Start of SUPPLIED INFORMATION
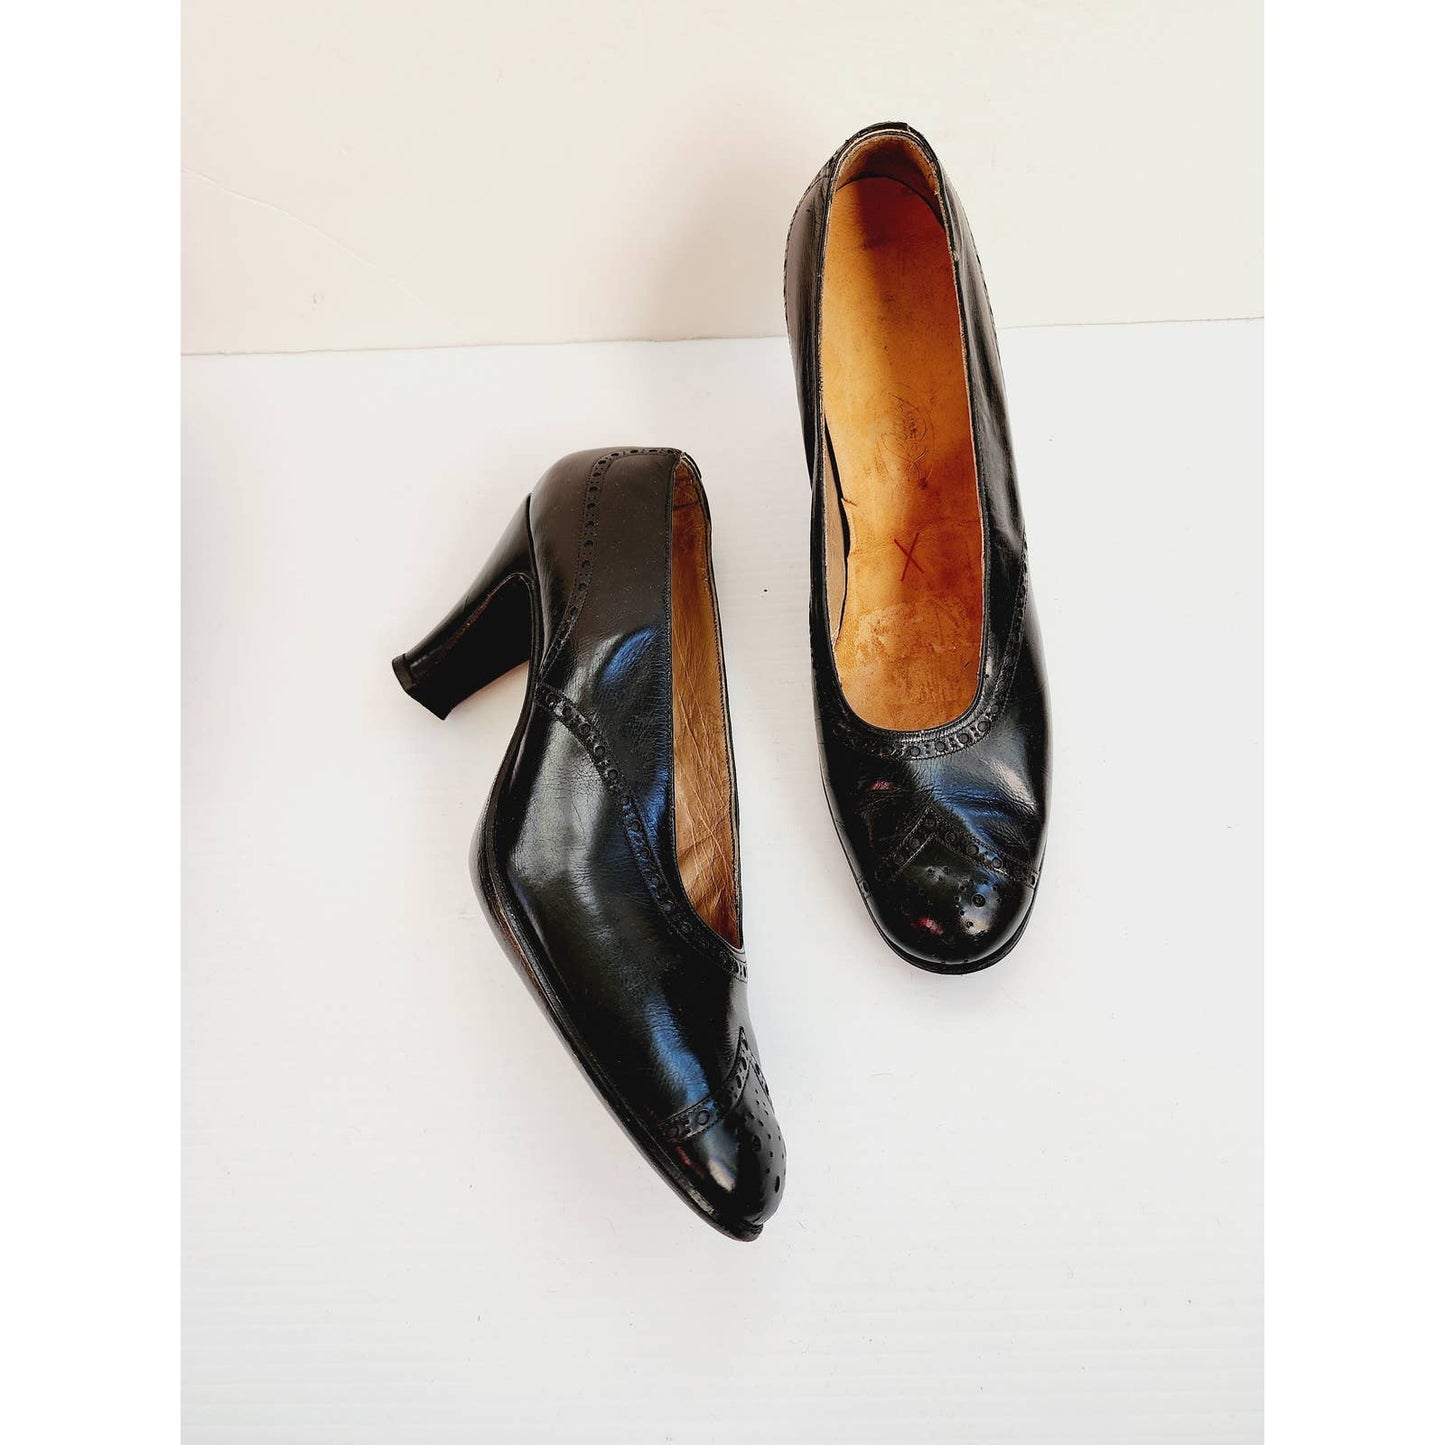 Vintage 30s Shoes Black Leather Pumps Brogueing Letang Chicago Size 6
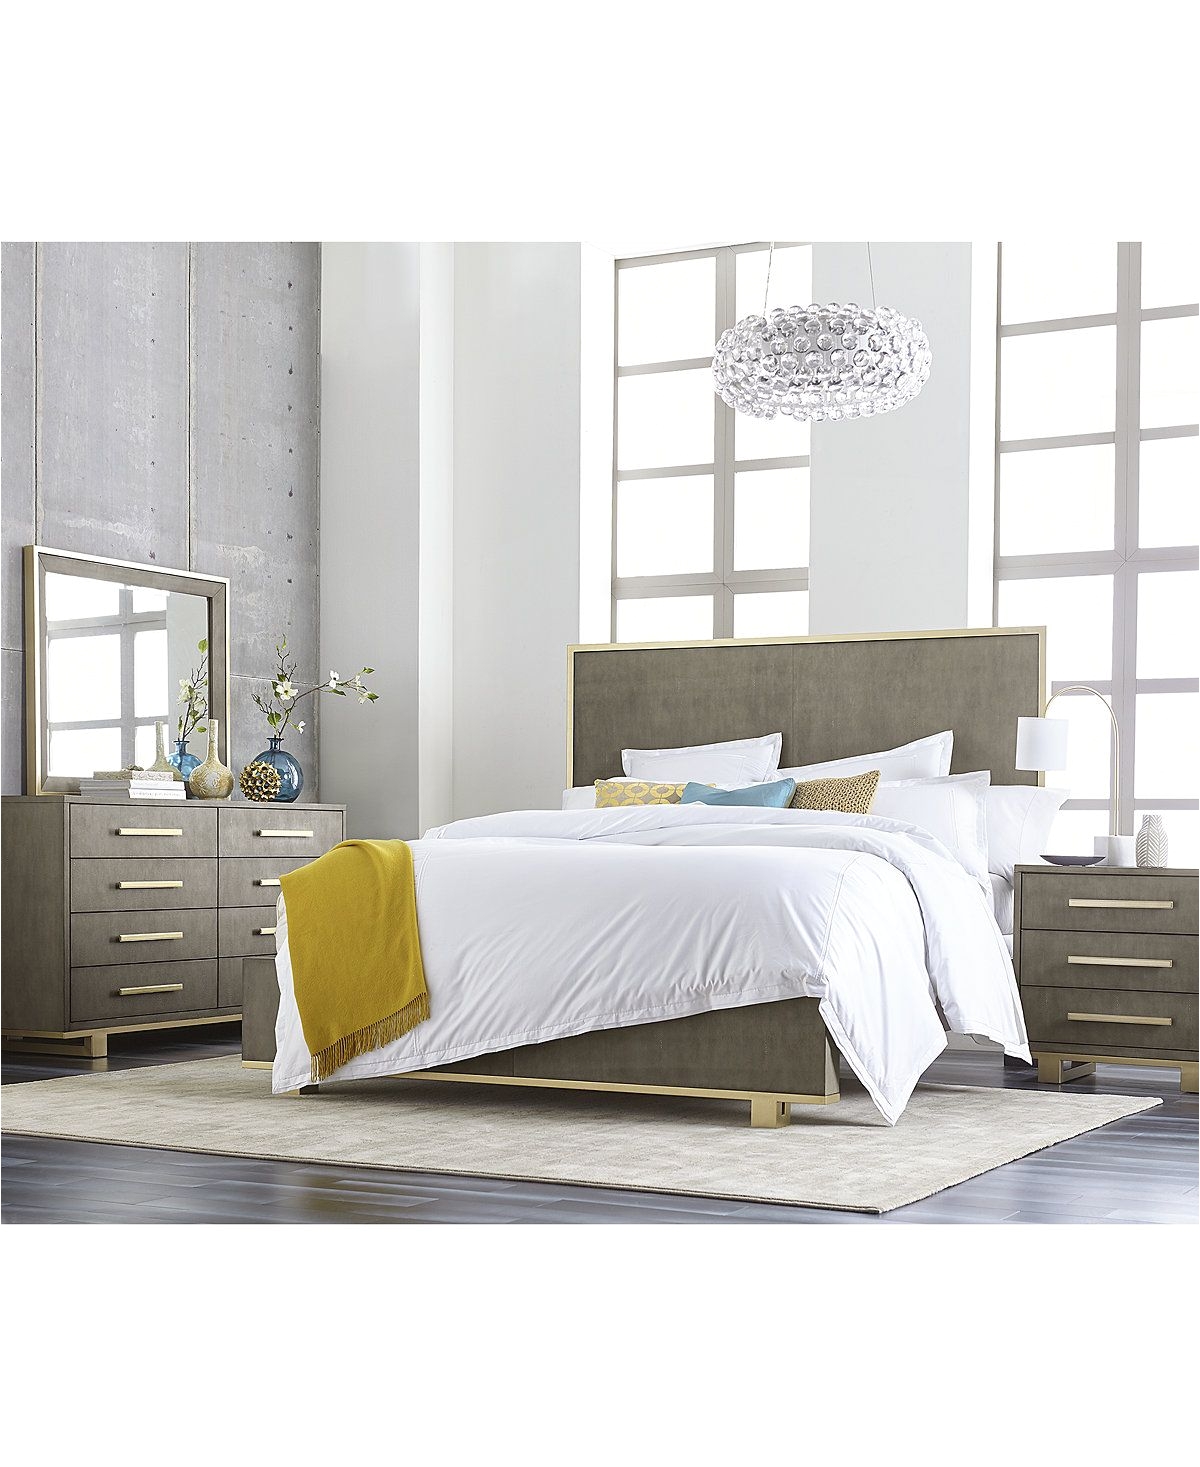 petra shagreen bedroom furniture 3 pc set queen bed dresser
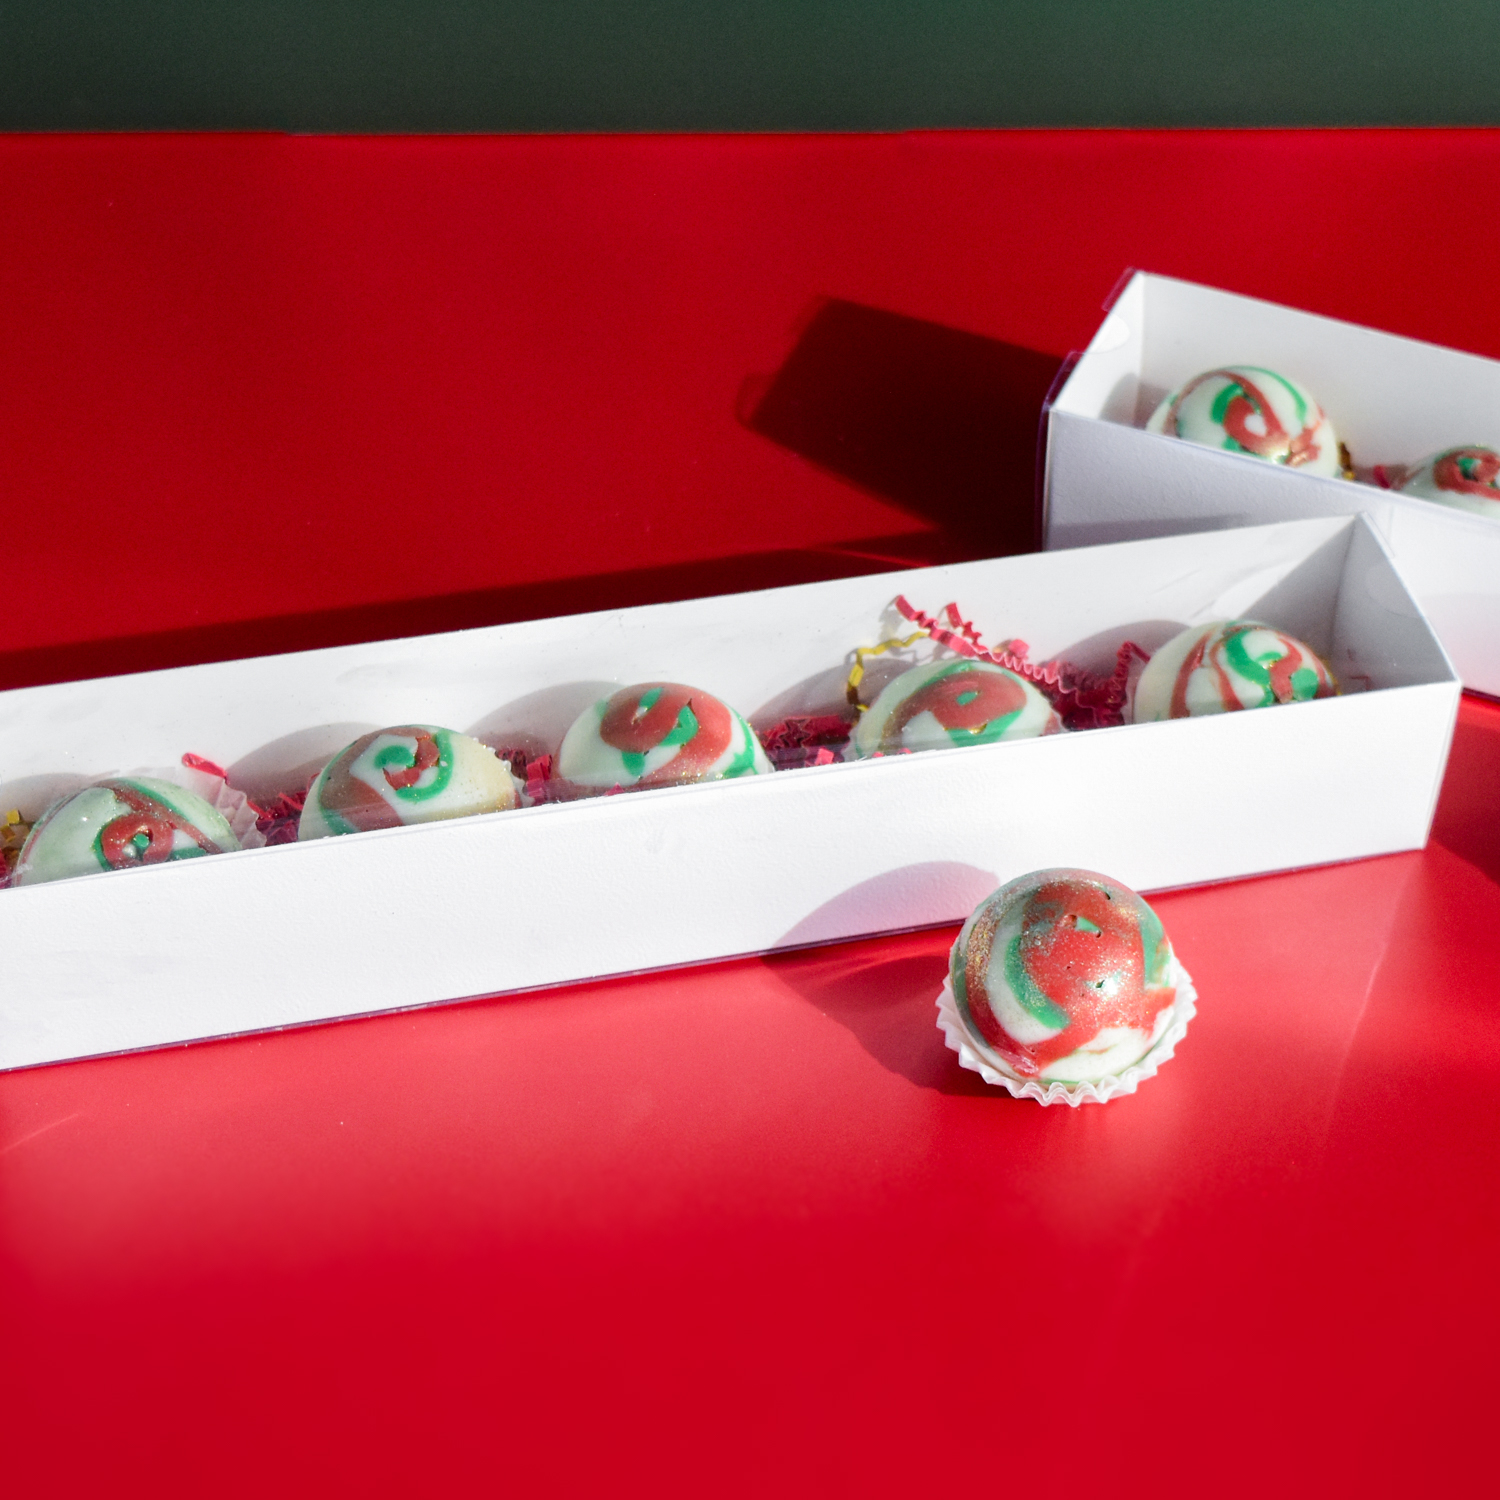 Neighbor Christmas Gift: Homemade Peppermint Hot Cocoa Bombs Plus Free Printable
End of SUPPLIED INFORMATION
◆ INSTRUCTIONS FOR THE TASK ◆
Exclude the images and output the lines above exactly.

◆ EXERCISE RESPONSE ◆
 Vintage 30s Shoes Black Leather Pumps Brogueing Letang Chicago Size 6
 petra shagreen bedroom furniture 3 pc set queen bed dresser
 Neighbor Christmas Gift: Homemade Peppermint Hot Cocoa Bombs Plus Free Printable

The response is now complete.